Tera-Feira, 04 de Agosto de 2020 |

Colunista


Direito e Cidadania


Valmor de Freitas Júnior



Práticas abusivas nas Vendas

Dezembro é o mês onde as compras se intensificam em virtude das festas de final de ano. O consumidor é permanentemente envolvido pela alta publicidade e assédio do comércio, que, afinal, vê nesse período um alto potencial no aumento do número das suas vendas.

A relação de consumo é protegida pelo código de defesa do consumidor. Trata-se de uma lei que surgiu em 1990 com a missão de equilibrar os pólos contratuais, protegendo a vulnerabilidade e hipossuficiência do consumidor, impondo um regime proteção àquela parte considerada mais fraca na relação contratual.

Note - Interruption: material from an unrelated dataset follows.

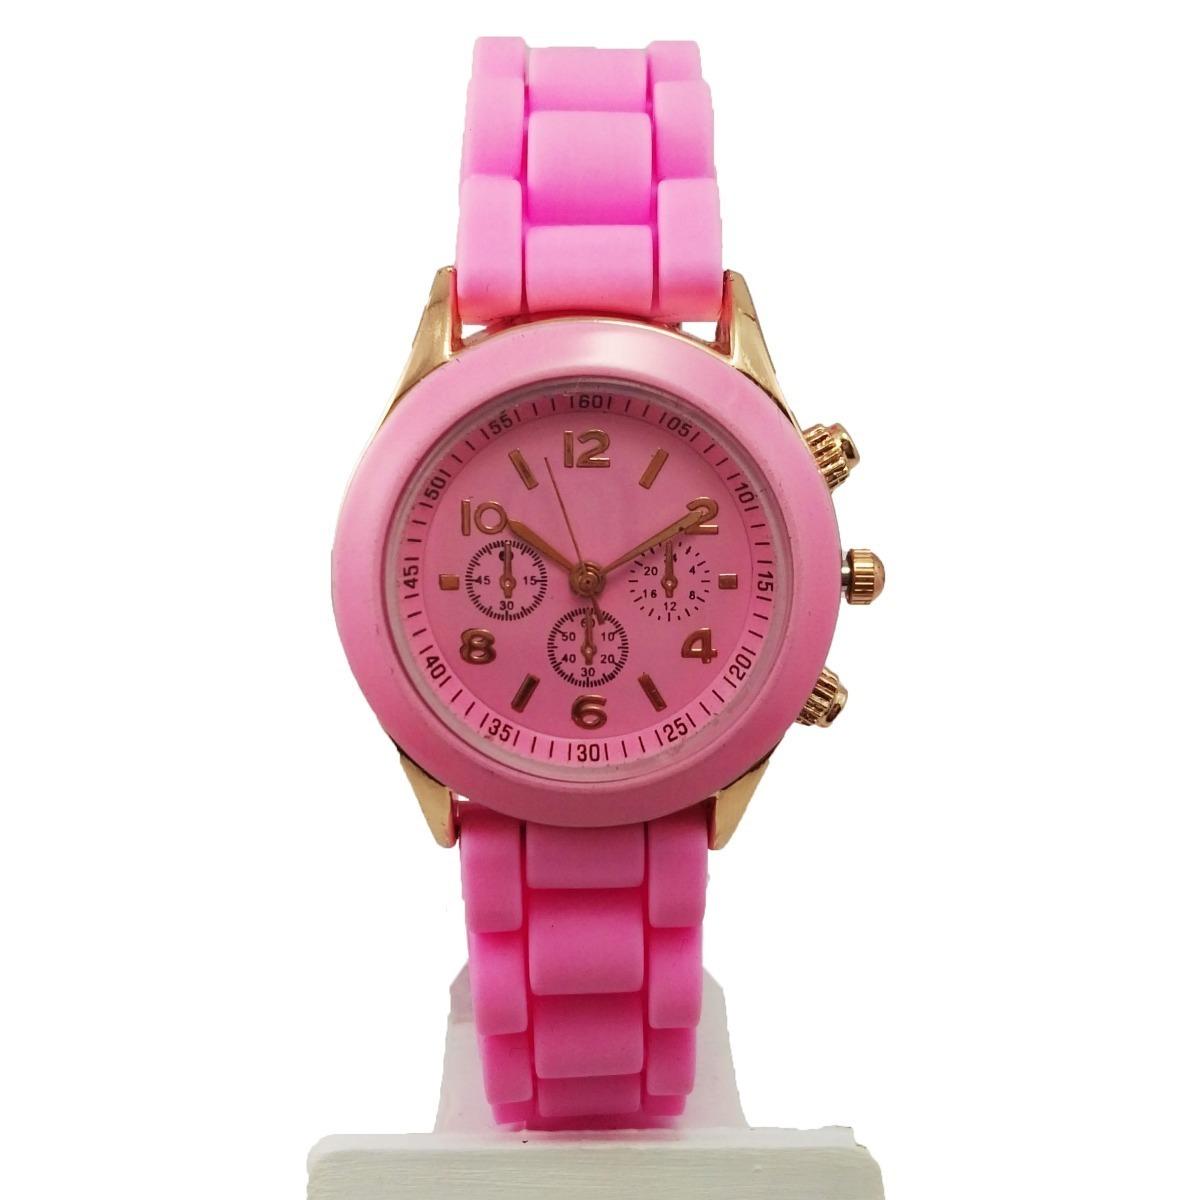 1782c886ee33 reloj mujer malla silicona detalles dorado. Cargando zoom.

Nesse aspecto, são recorrentes decisões judiciais que afastam a validade de negócios jurídicos, quando constatadas práticas abusivas no processo de venda. E isso pode ser demonstrado de várias formas, merecendo a análise individual de cada caso.

Trago aqui um exemplo extraído do acórdão do processo nº 70081889271, do Tribunal de Justiça do Rio Grande do Sul. A situação enfrentada pelo judiciário traz a história de uma idosa de 76 anos de idade, que ajuizou uma ação visando a rescisão contratual de um negócio jurídico, cumulada com indenização por danos morais e materiais.

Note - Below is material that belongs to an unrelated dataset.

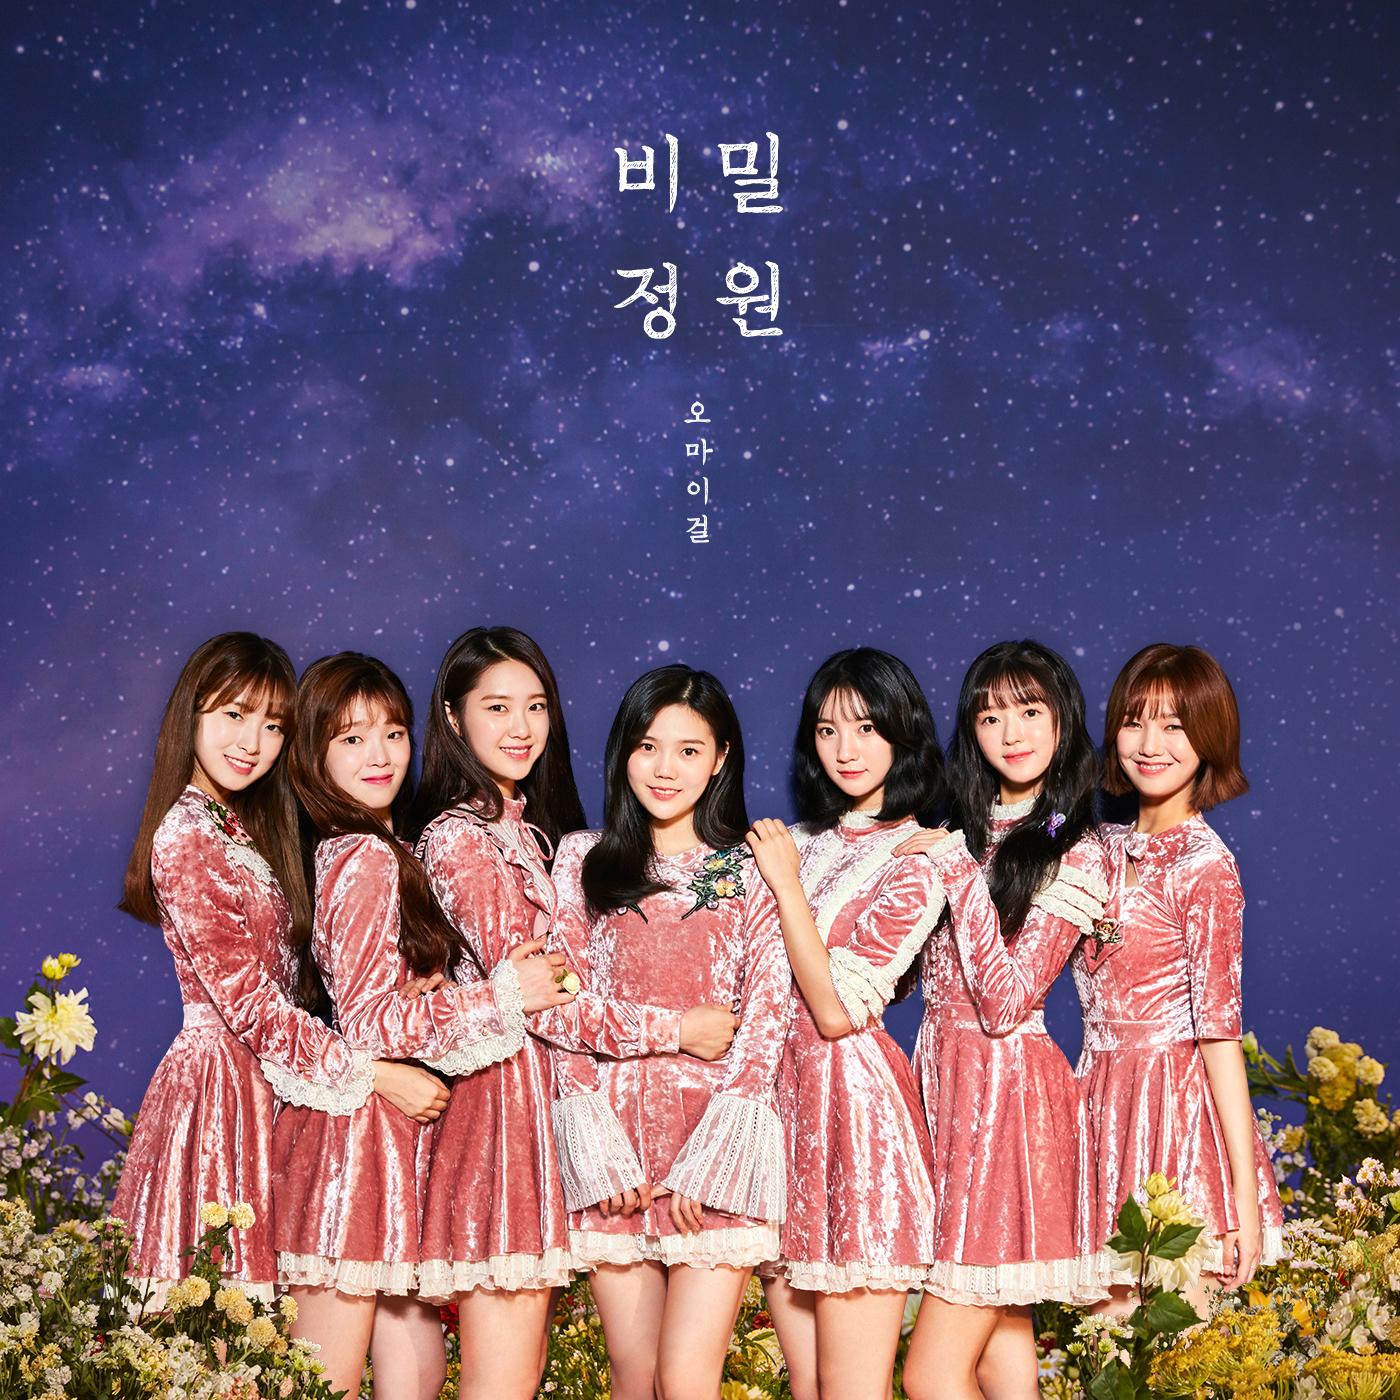 20180120.0245.12 Oh My Girl - Secret Garden cover.jpg

A autora da ação adquiriu um colchão no valor de R$ 6.747,00, que prometia tratamento terapêutico benéfico a sua saúde. Por conta disso, acabou assinando uma série de documentos, autorizando a contratação de empréstimo consignado (descontado na sua aposentadoria), com previsão de pagamento em 59 parcelas mensais, no valor de R$ 208,80 cada.

A sentença que já havia sido procedente no primeiro grau, foi confirmada em recurso de apelação. A abusividade ficou plenamente demonstrada, pois segundo o entendimento, além do fato do valor da operação ser absolutamente incompatível com a renda da idosa, a oferta do produto também veio acompanhada de promessas de benefícios terapêuticos, que não se confirmaram. Ficou clara a vulnerabilidade da autora, e a abusividade da prática comercial. As vendas eram realizadas a domicílio, e os próprios representantes comerciais acompanharam a idosa até o banco para realizar o empréstimo, deixando ainda mais clara a abusividade da contratação.

Além da rescisão do contrato, desfazendo, portanto, o negócio, as empresas também foram condenadas a pagar uma quantia a título de danos morais.

Fica um alerta importante, sobretudo em atenção aos idosos, reiteradamente vítimas de ações como estas. Do mesmo modo demonstra-se aqui a possibilidade de discutir judicialmente um negócio contratado, quando evidenciadas condutas que possam gerar algum tipo de nulidade. A análise caso a caso, é o que se recomenda.

Portanto, sempre que algum contrato despertar algum tipo de desconfiança, a melhor alternativa sempre será procurar um profissional em quem você confie, para emitir uma avaliação mais precisa. Entretanto lembro aqui, que o melhor caminho sempre é a prevenção. Logo, na dúvida, procure uma assessoria antes de fechar um negócio. Afinal, prevenir, é melhor do que remediar!